Input data:
------------------------------------

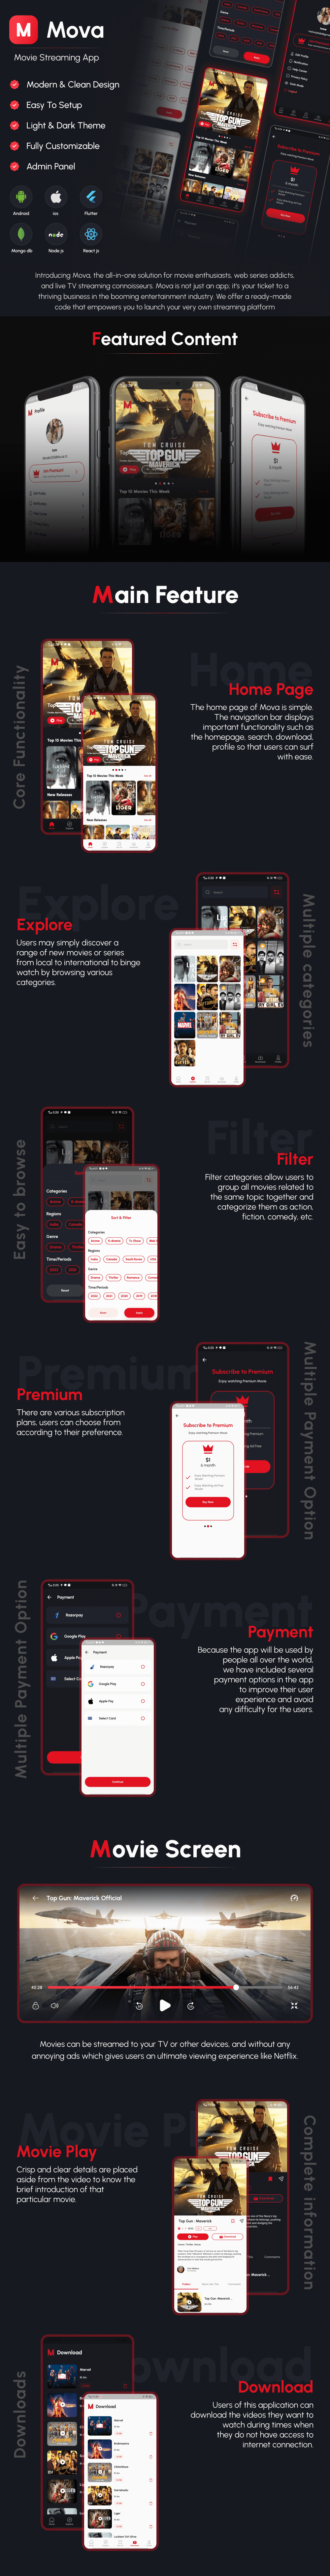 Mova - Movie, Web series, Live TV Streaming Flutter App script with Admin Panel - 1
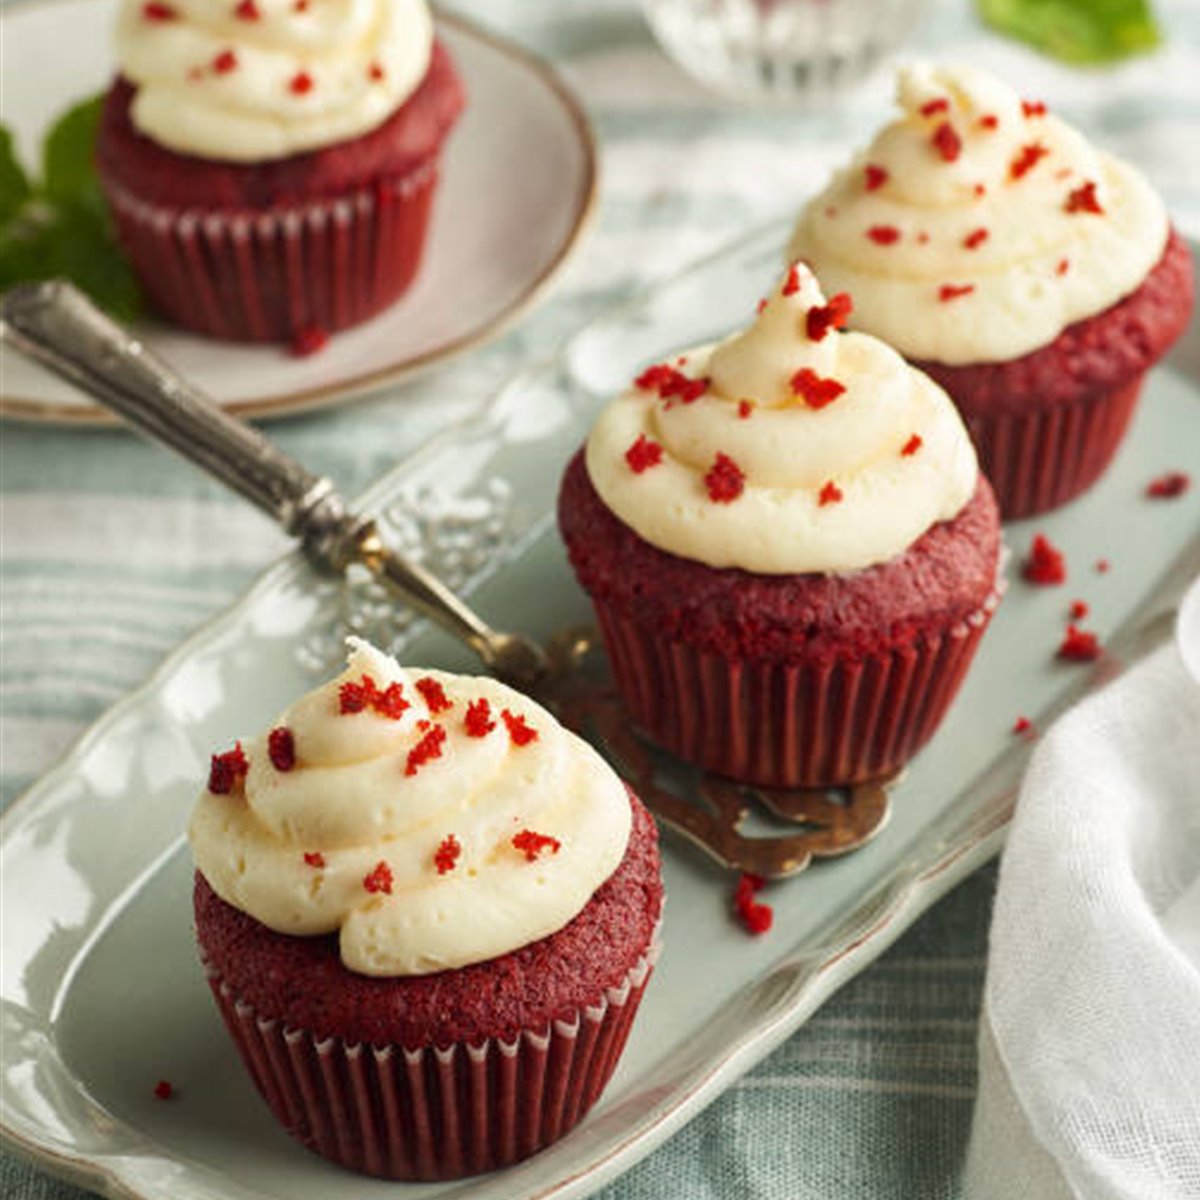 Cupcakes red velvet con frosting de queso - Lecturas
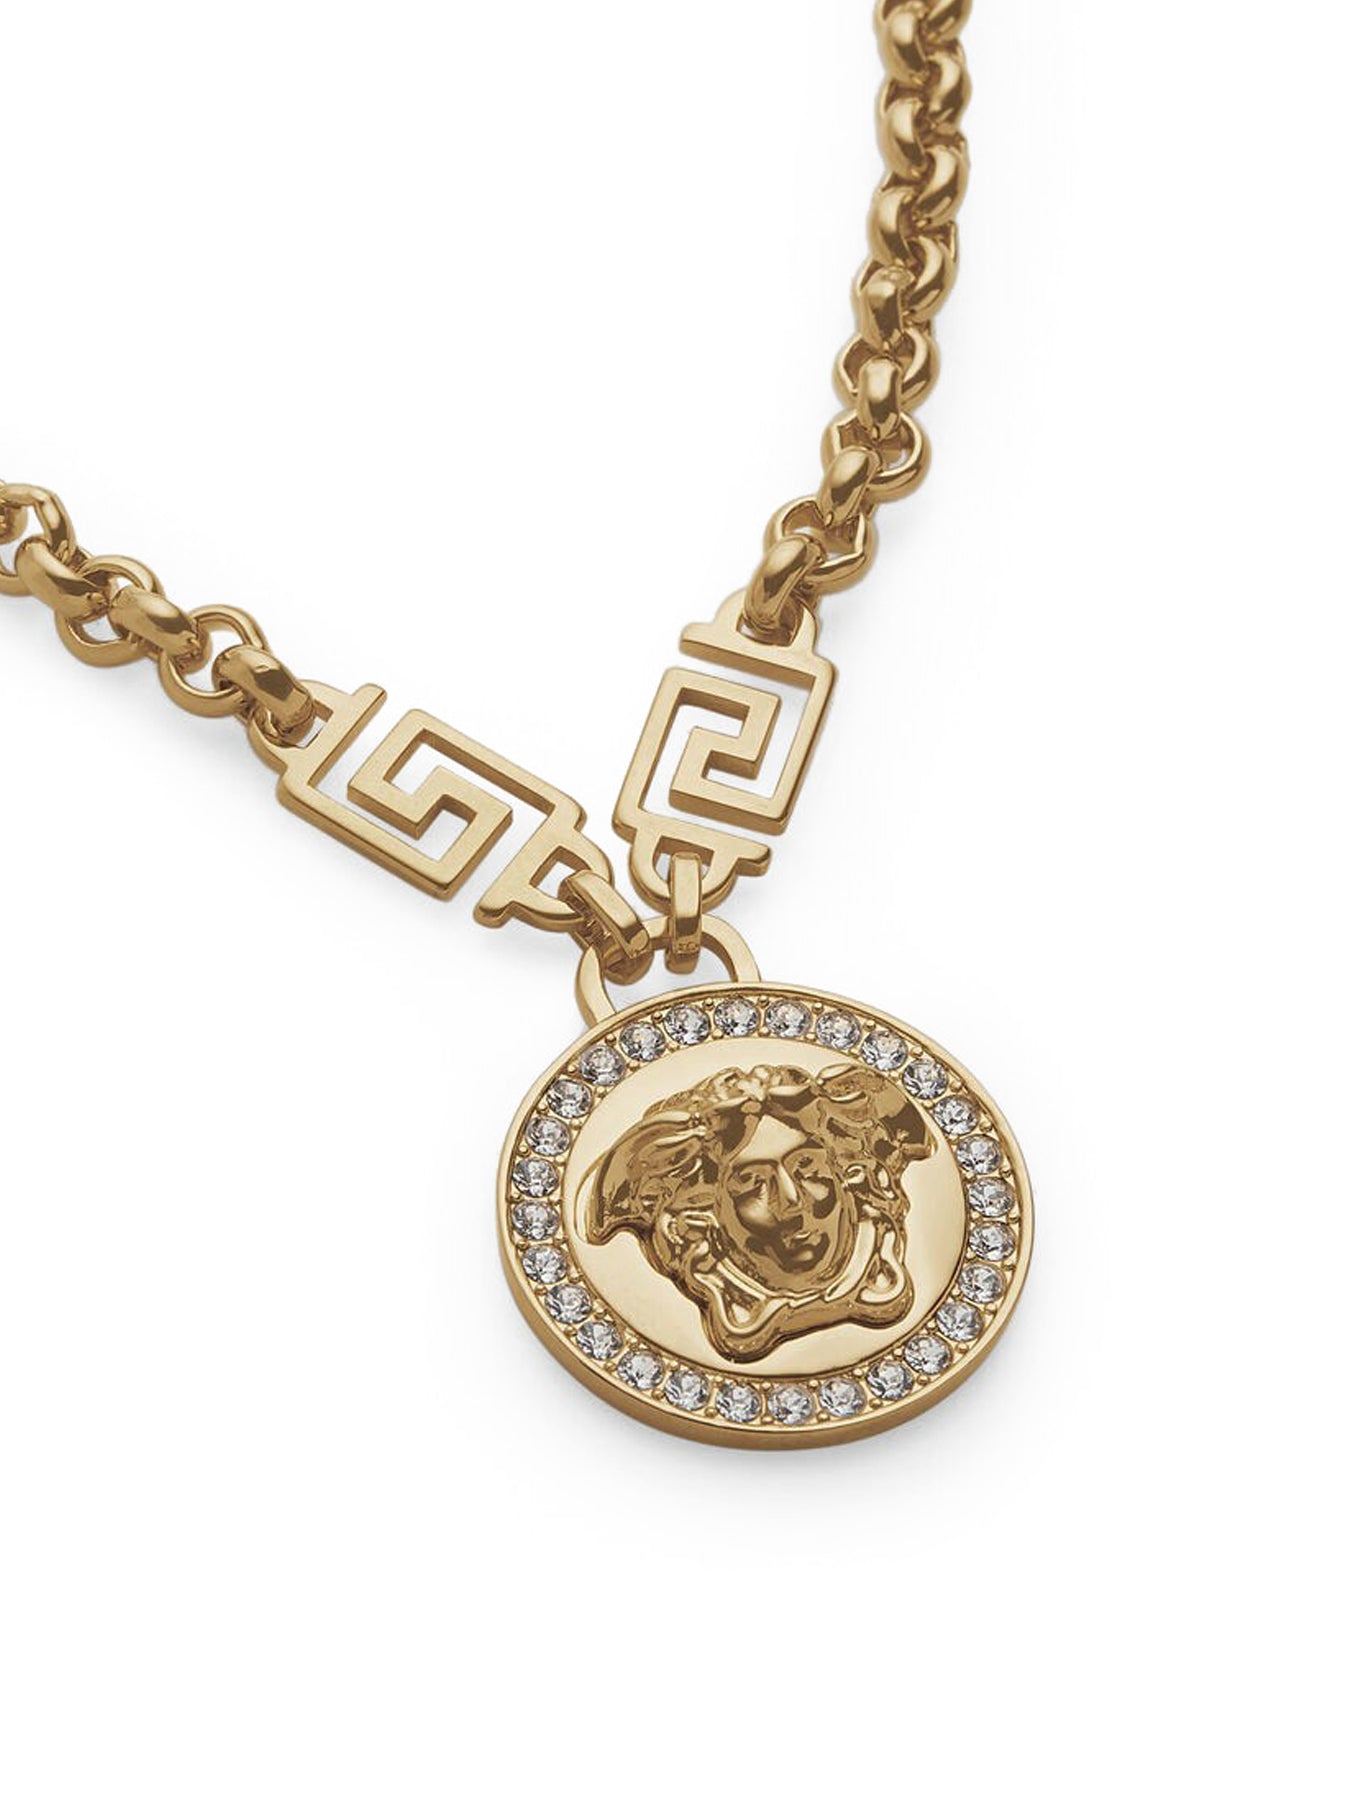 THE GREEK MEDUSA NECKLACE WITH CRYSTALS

------------------------------------

Problem to solve: Above is a listing with pictures. Write it out exactly without them.

Exercise solution:
 Mova - Movie, Web series, Live TV Streaming Flutter App script with Admin Panel - 1
 Cupcakes red velvet con frosting de queso - Lecturas
 THE GREEK MEDUSA NECKLACE WITH CRYSTALS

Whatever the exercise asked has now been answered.